> [Work to be completed] The material below holds the lines to copy: from the one with "1/6.📢FUNDRAISER: Some of" up to and including the one with "them there: gofundme.com/f/amplifying-v…". Copy them exactly and skip the pictures.

> [Recorded data]
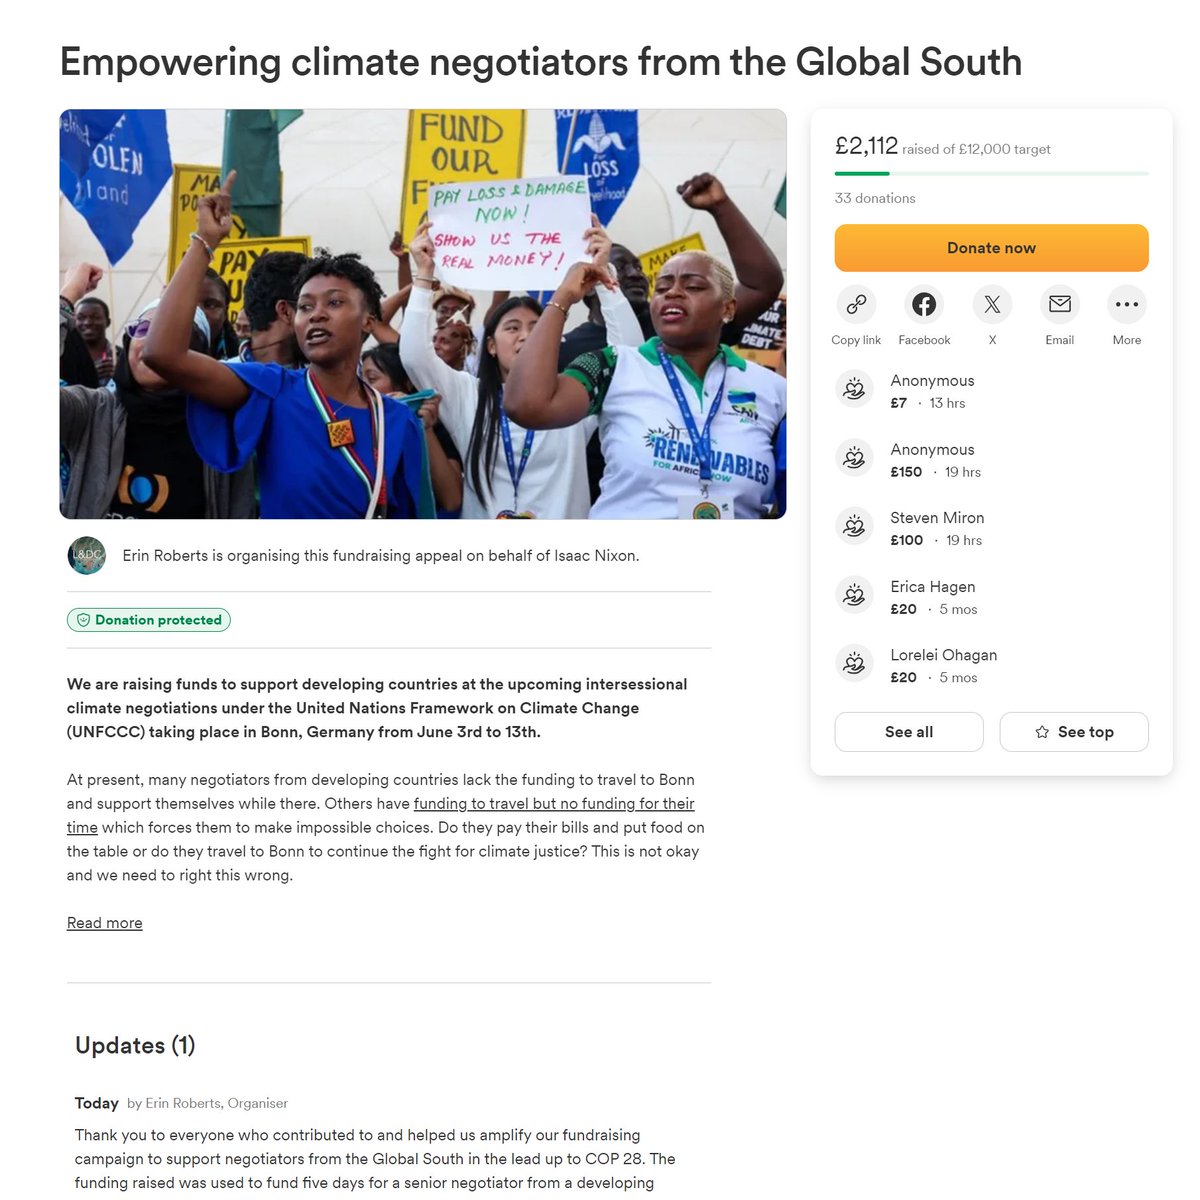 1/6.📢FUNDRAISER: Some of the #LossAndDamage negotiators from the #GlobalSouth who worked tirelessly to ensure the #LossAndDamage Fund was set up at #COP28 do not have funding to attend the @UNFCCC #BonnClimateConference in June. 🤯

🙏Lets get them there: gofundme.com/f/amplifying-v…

==

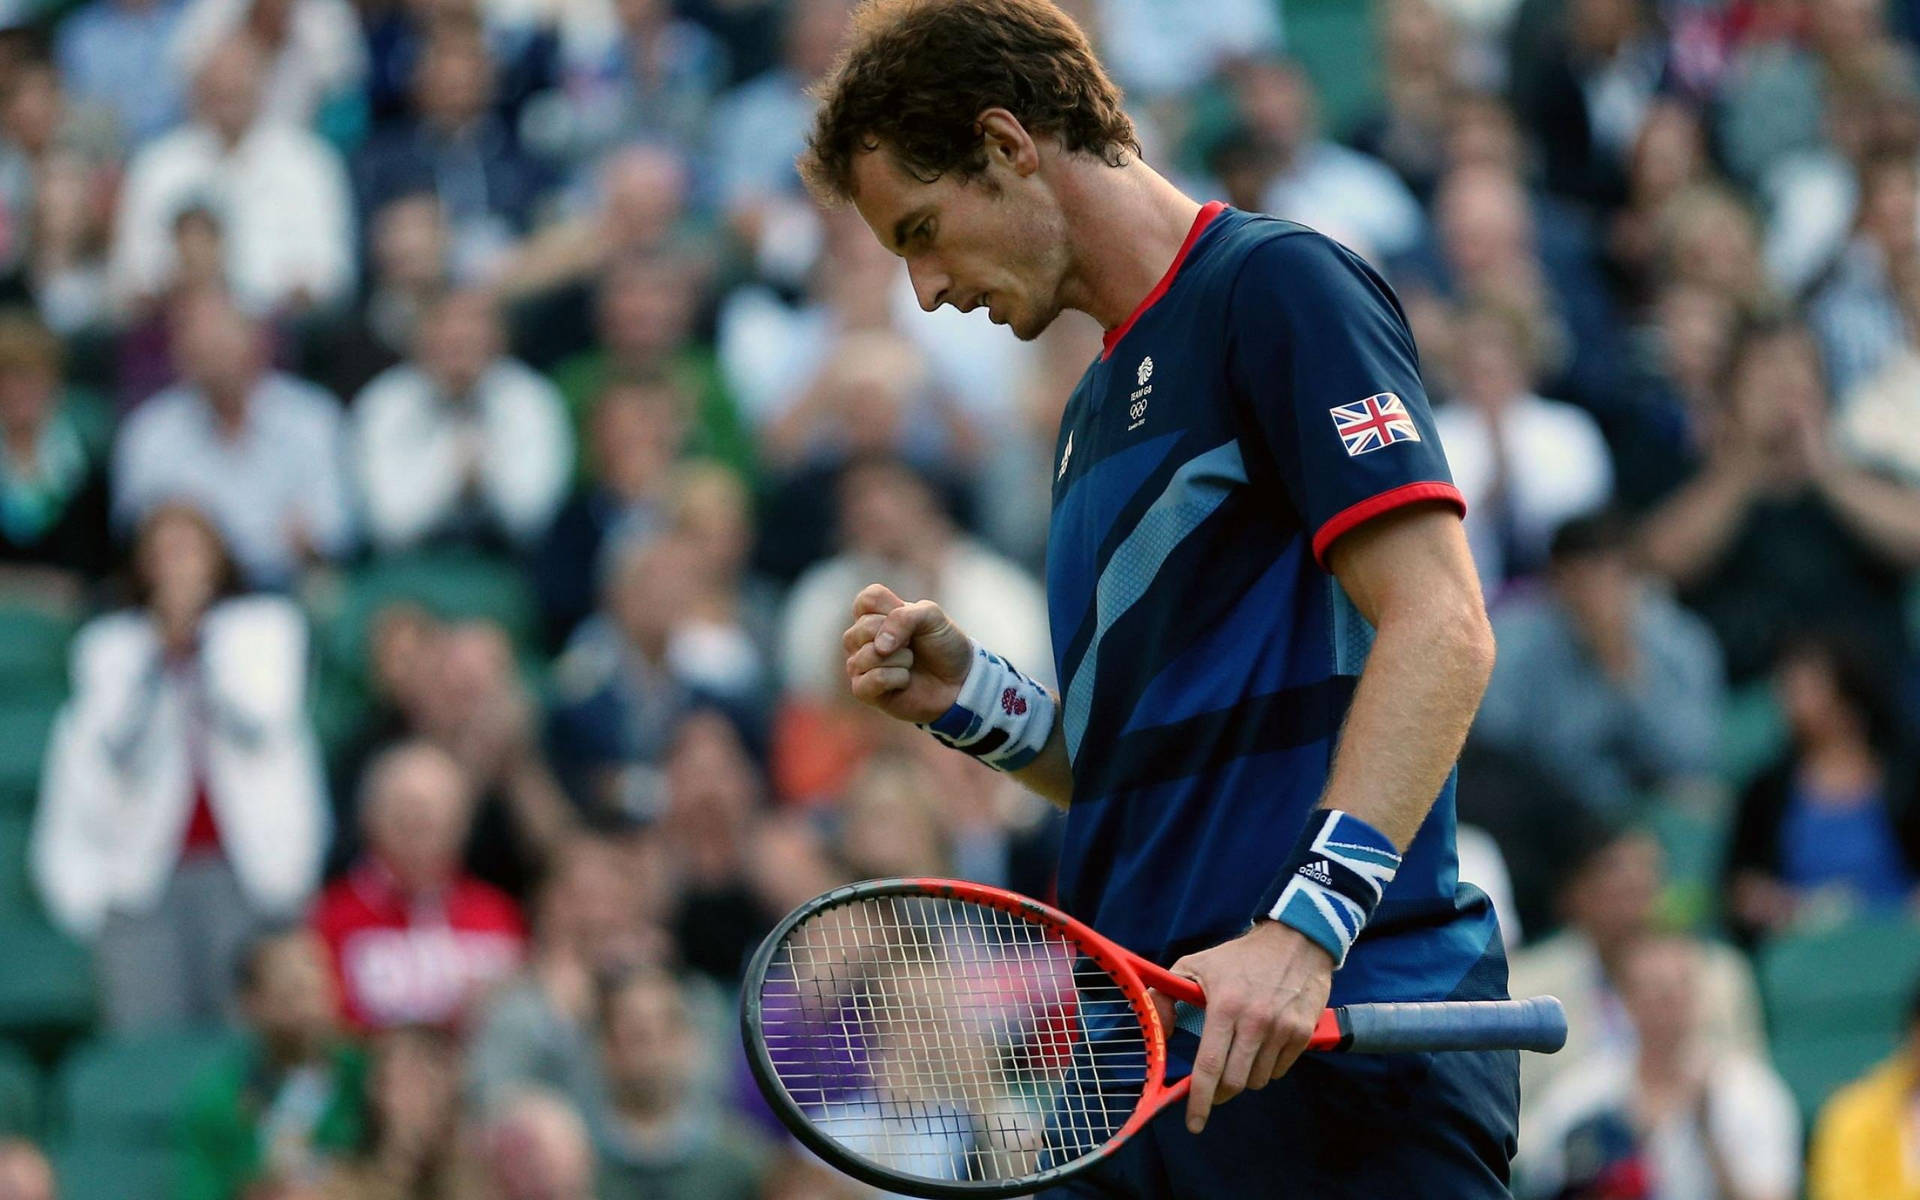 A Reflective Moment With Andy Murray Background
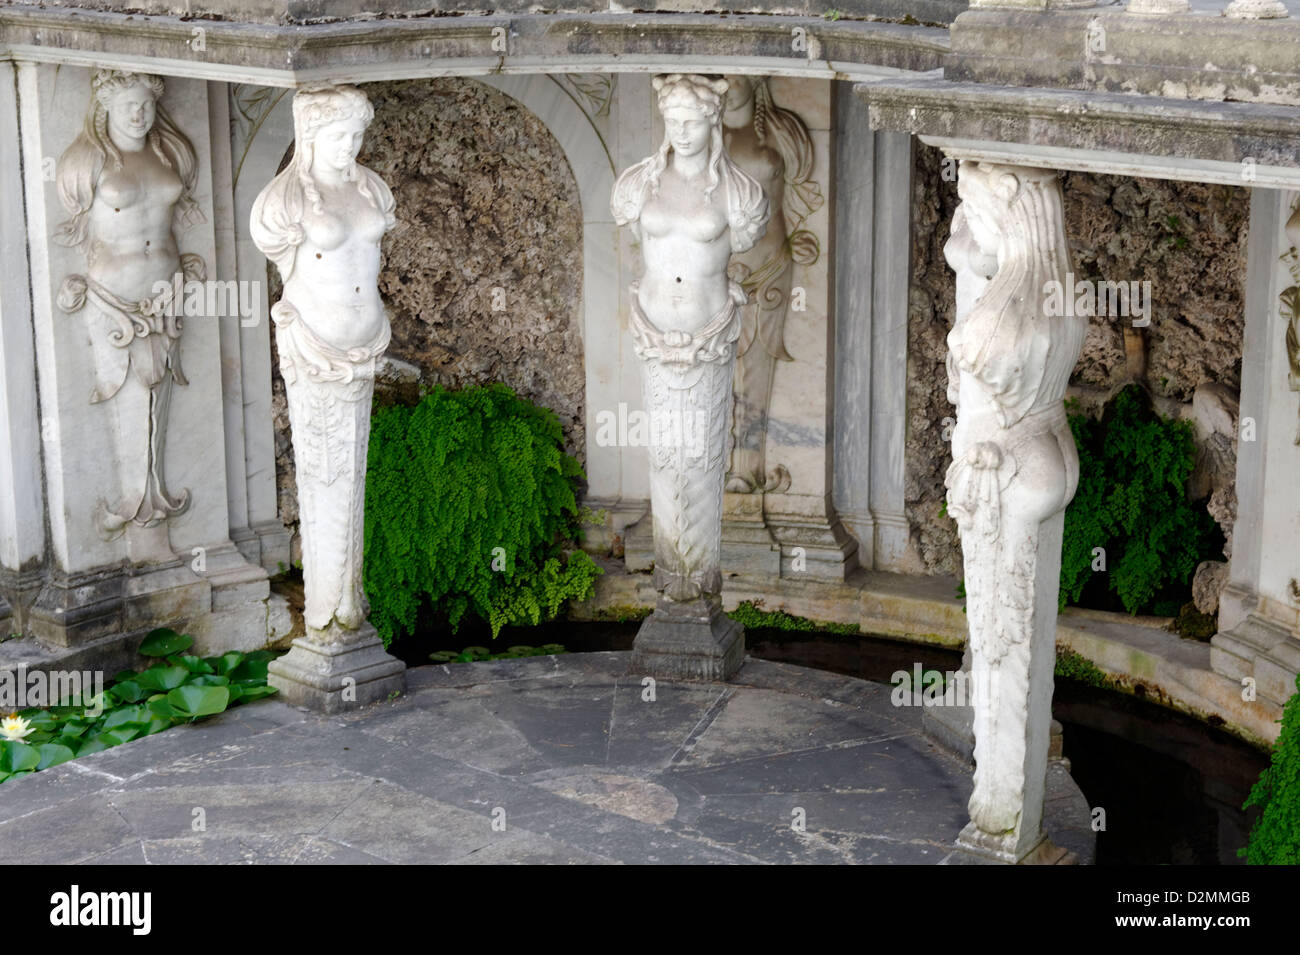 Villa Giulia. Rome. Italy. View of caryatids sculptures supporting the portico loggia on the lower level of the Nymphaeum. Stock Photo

--

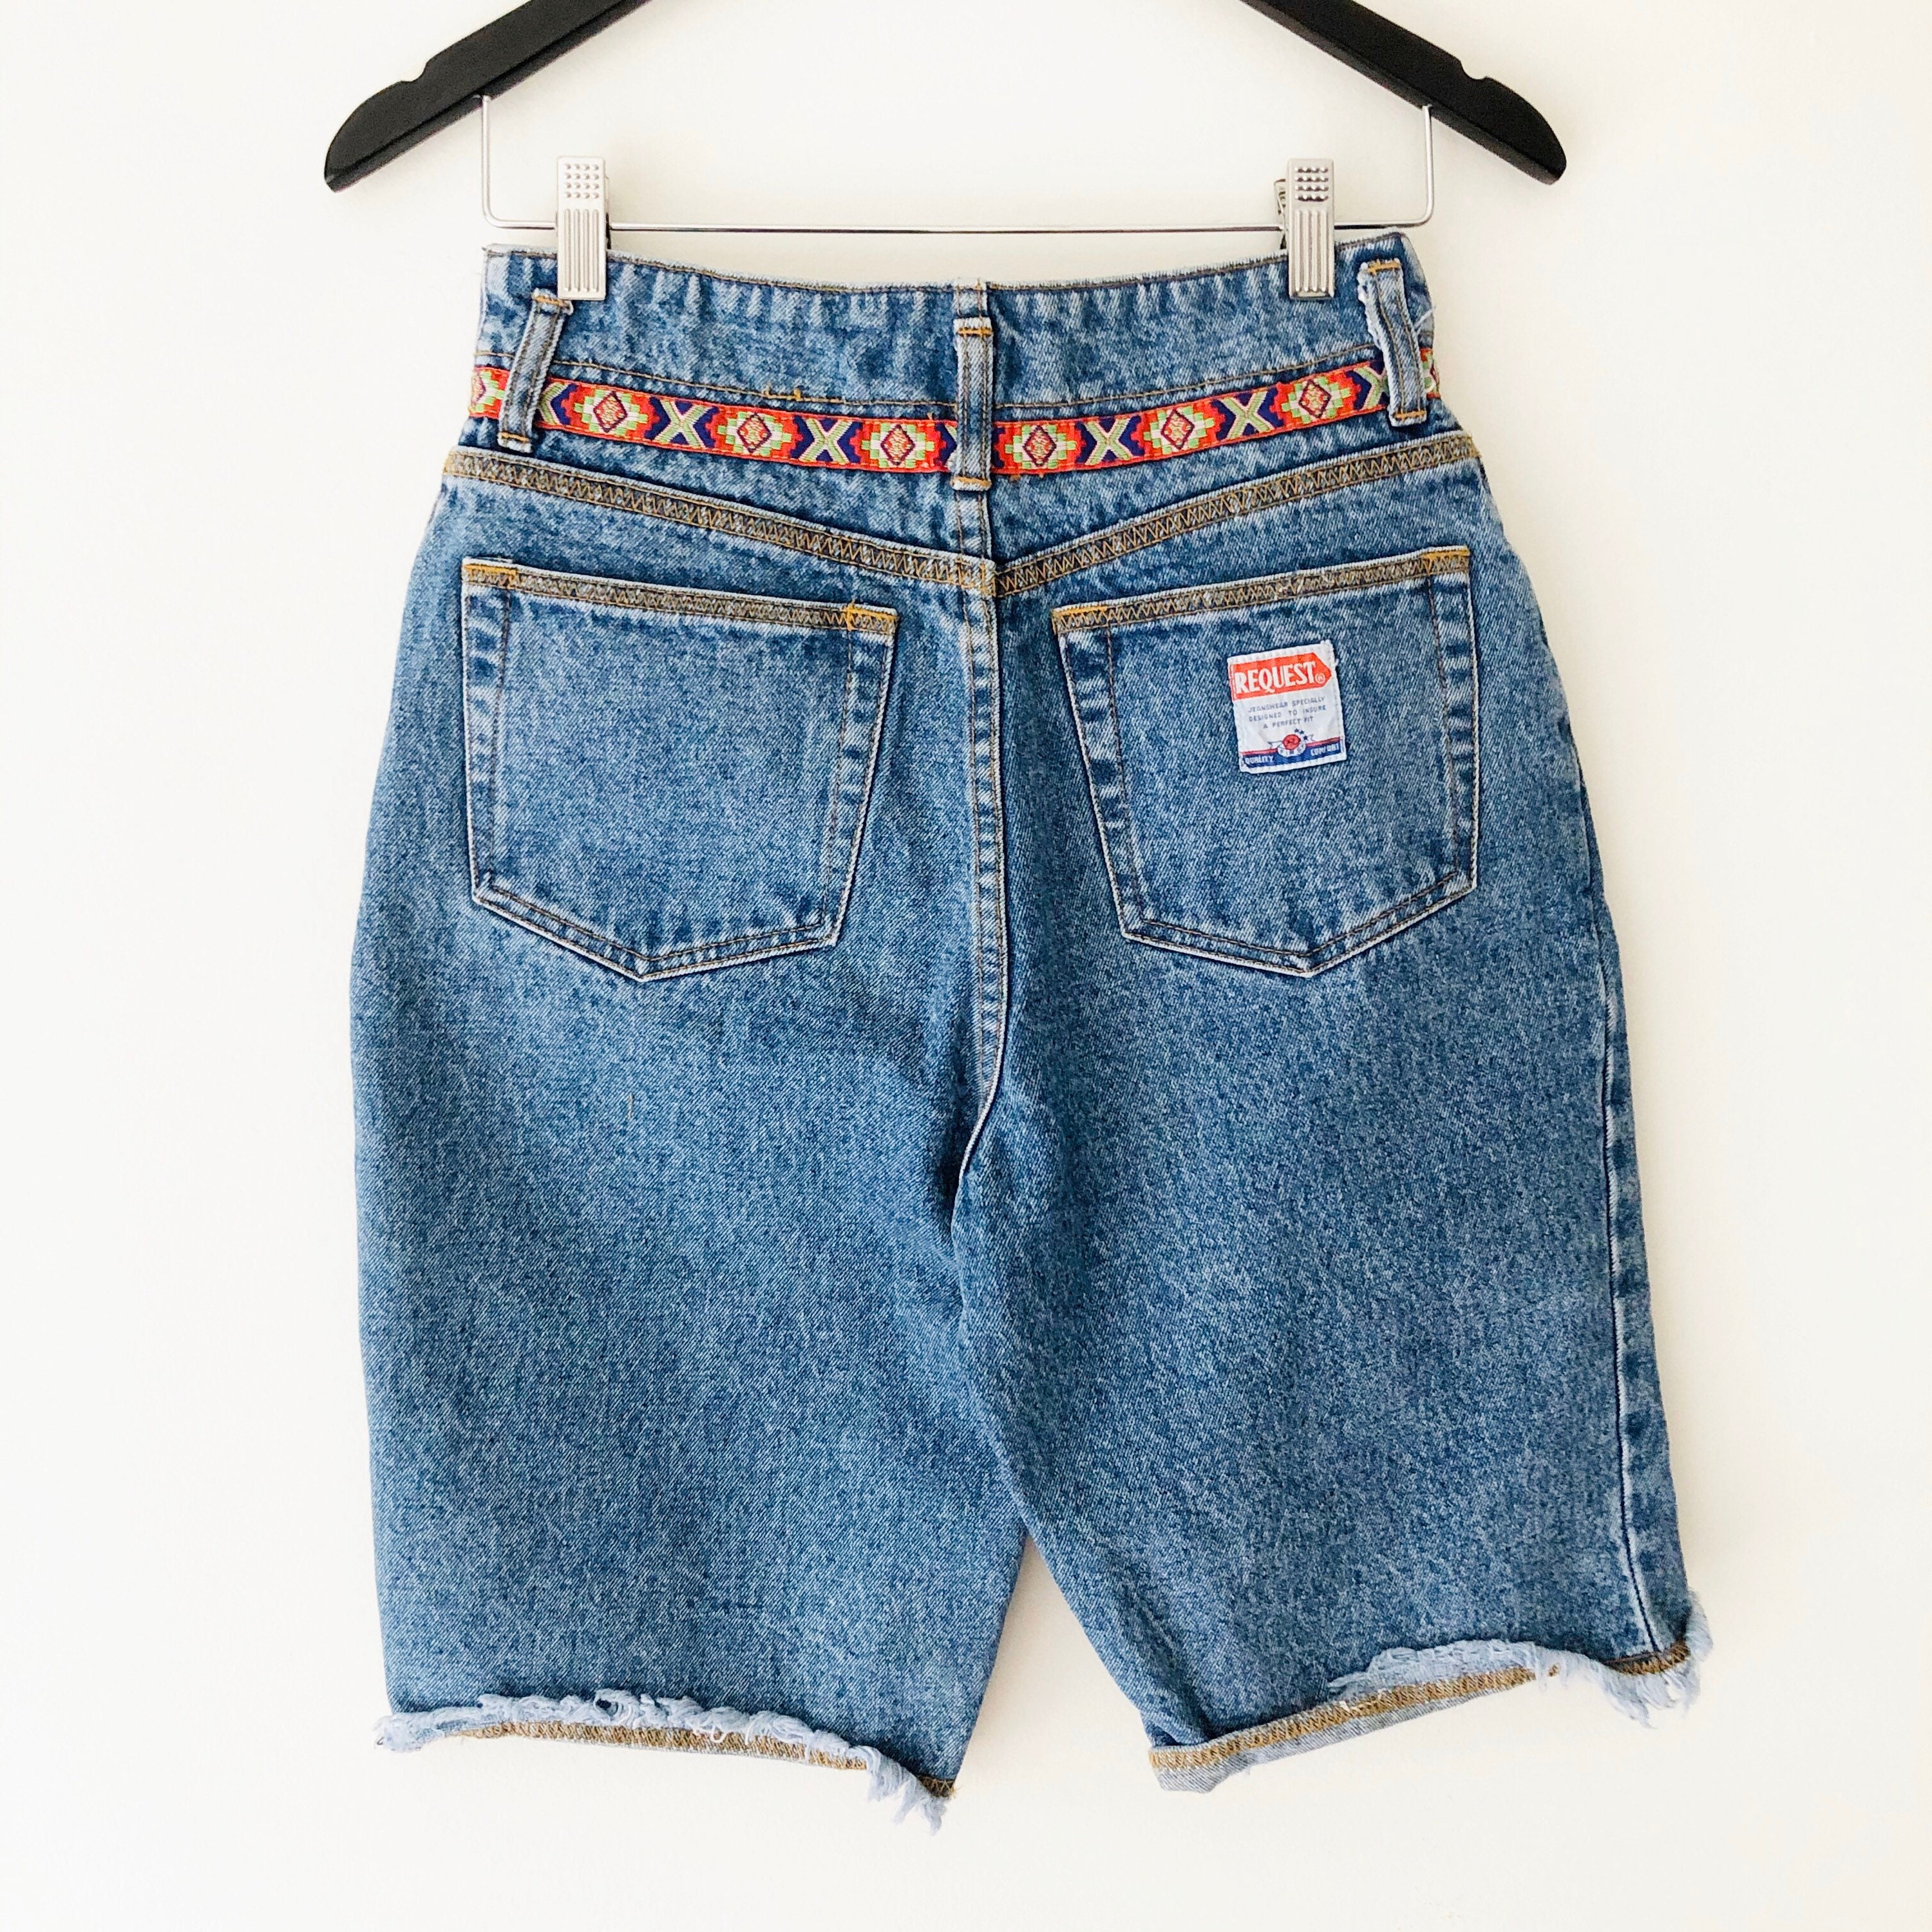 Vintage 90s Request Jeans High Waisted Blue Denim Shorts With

> [Answer section]
 1/6.📢FUNDRAISER: Some of the #LossAndDamage negotiators from the #GlobalSouth who worked tirelessly to ensure the #LossAndDamage Fund was set up at #COP28 do not have funding to attend the @UNFCCC #BonnClimateConference in June. 🤯

🙏Lets get them there: gofundme.com/f/amplifying-v…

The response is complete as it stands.